Originally Posted by

**ahmads121** **Right Bisector of a Chord?**

The equation of a circle with centre O (0,0) is x2 +y2 = 169

the points A(0,13) and B(-12,-5) are endpoints of the chord AB. DE right bisects chord AB at F. Verify that the centre of the circle lies on the right bisector of chord AB

1) Find midpoint of AB -- igot (-6,0) and (0,4) for midpoint How can a line segment have two midpoints?! Remember the formula:

$\displaystyle Midpoint(m)=\left(\frac{x_1+x_2}{2},\frac{y_1+y_2} {2}\right)$

2) Find the slopes of AB-- igot 3/2 for slope of AB Very good.

**3) Find Equation of the Line DE --- idont noe how to do this Use the midpoint that you obtain in 1. to find the equation using the point slope form of a line.

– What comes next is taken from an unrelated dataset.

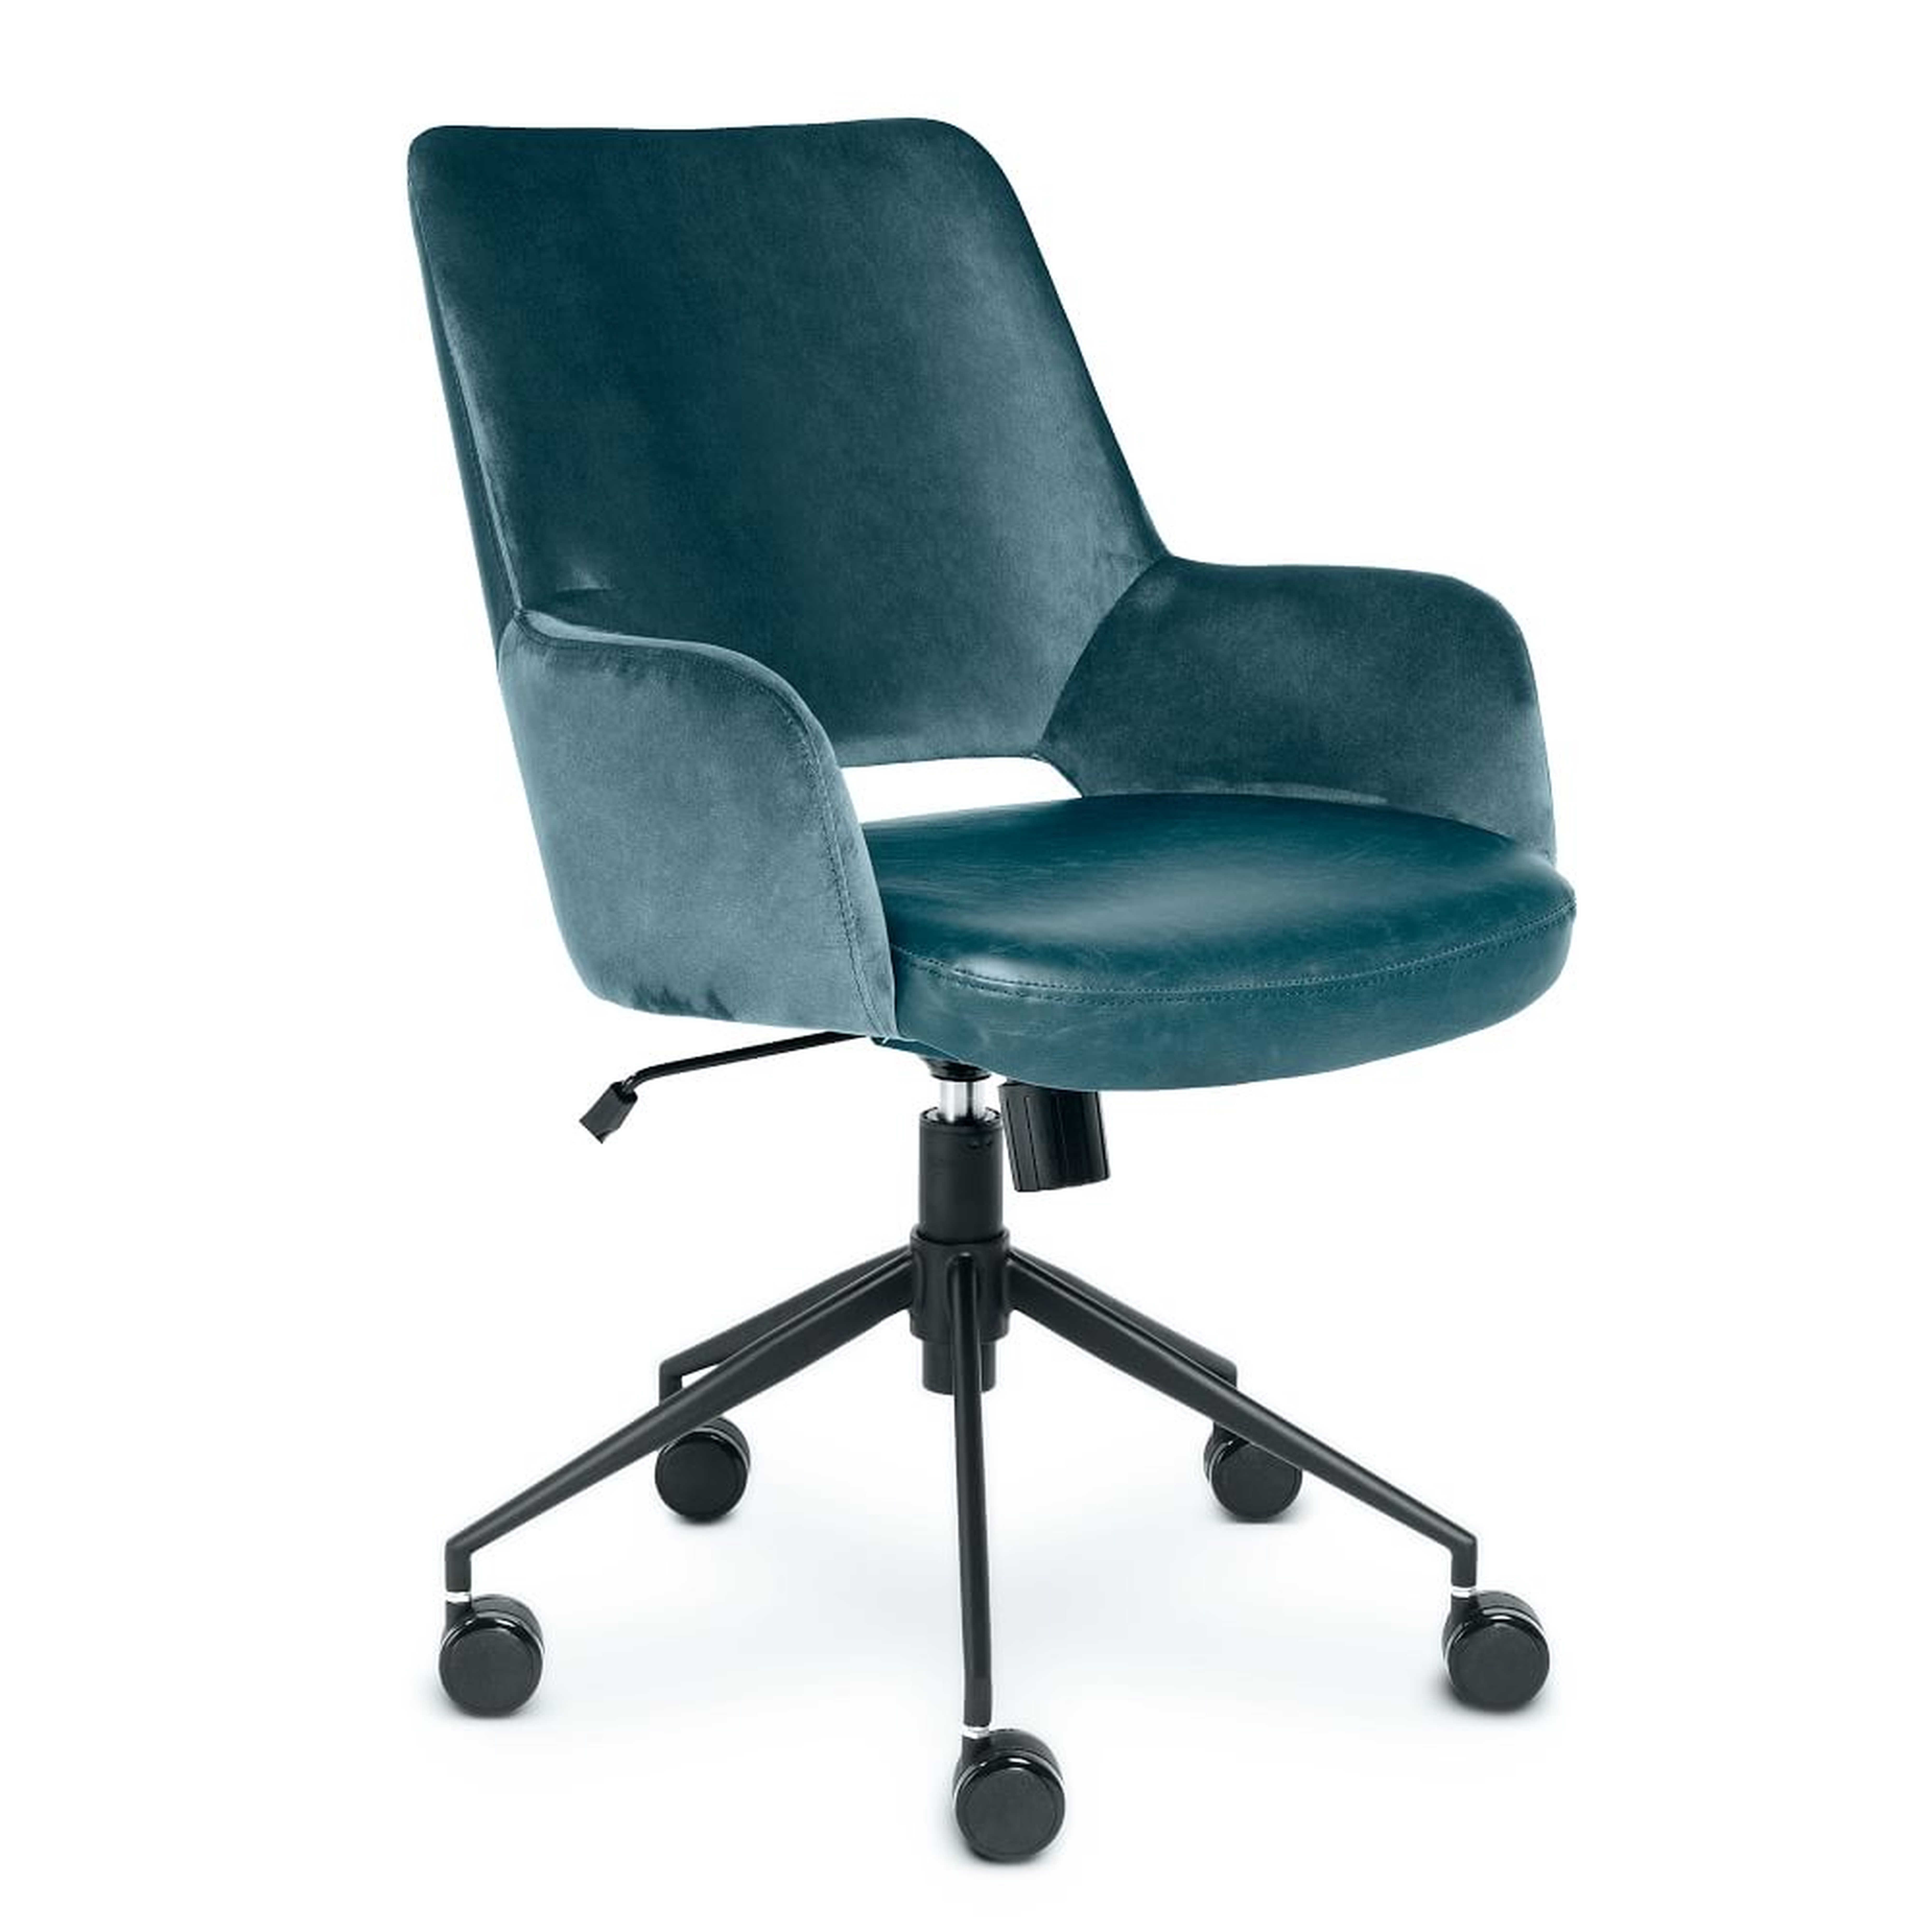 Two-Toned Upholstered Tilt Office Chair, Blue - West Elm

a) Use the negative reciprocal slope of AB for Slope of DE. Because the slope of a perpindicular line will be the negative reciprocal of the line it is perpindicular to.

b) Use point slope form to find equation of DE. Done.

igot help for numebr 3

and igot y= (-2/3)x +b

idont get how they got (-2/3) Draw 2 perpindicular lines at the origin and analyze their slopes. You will be enlightened.

can yu explain tht process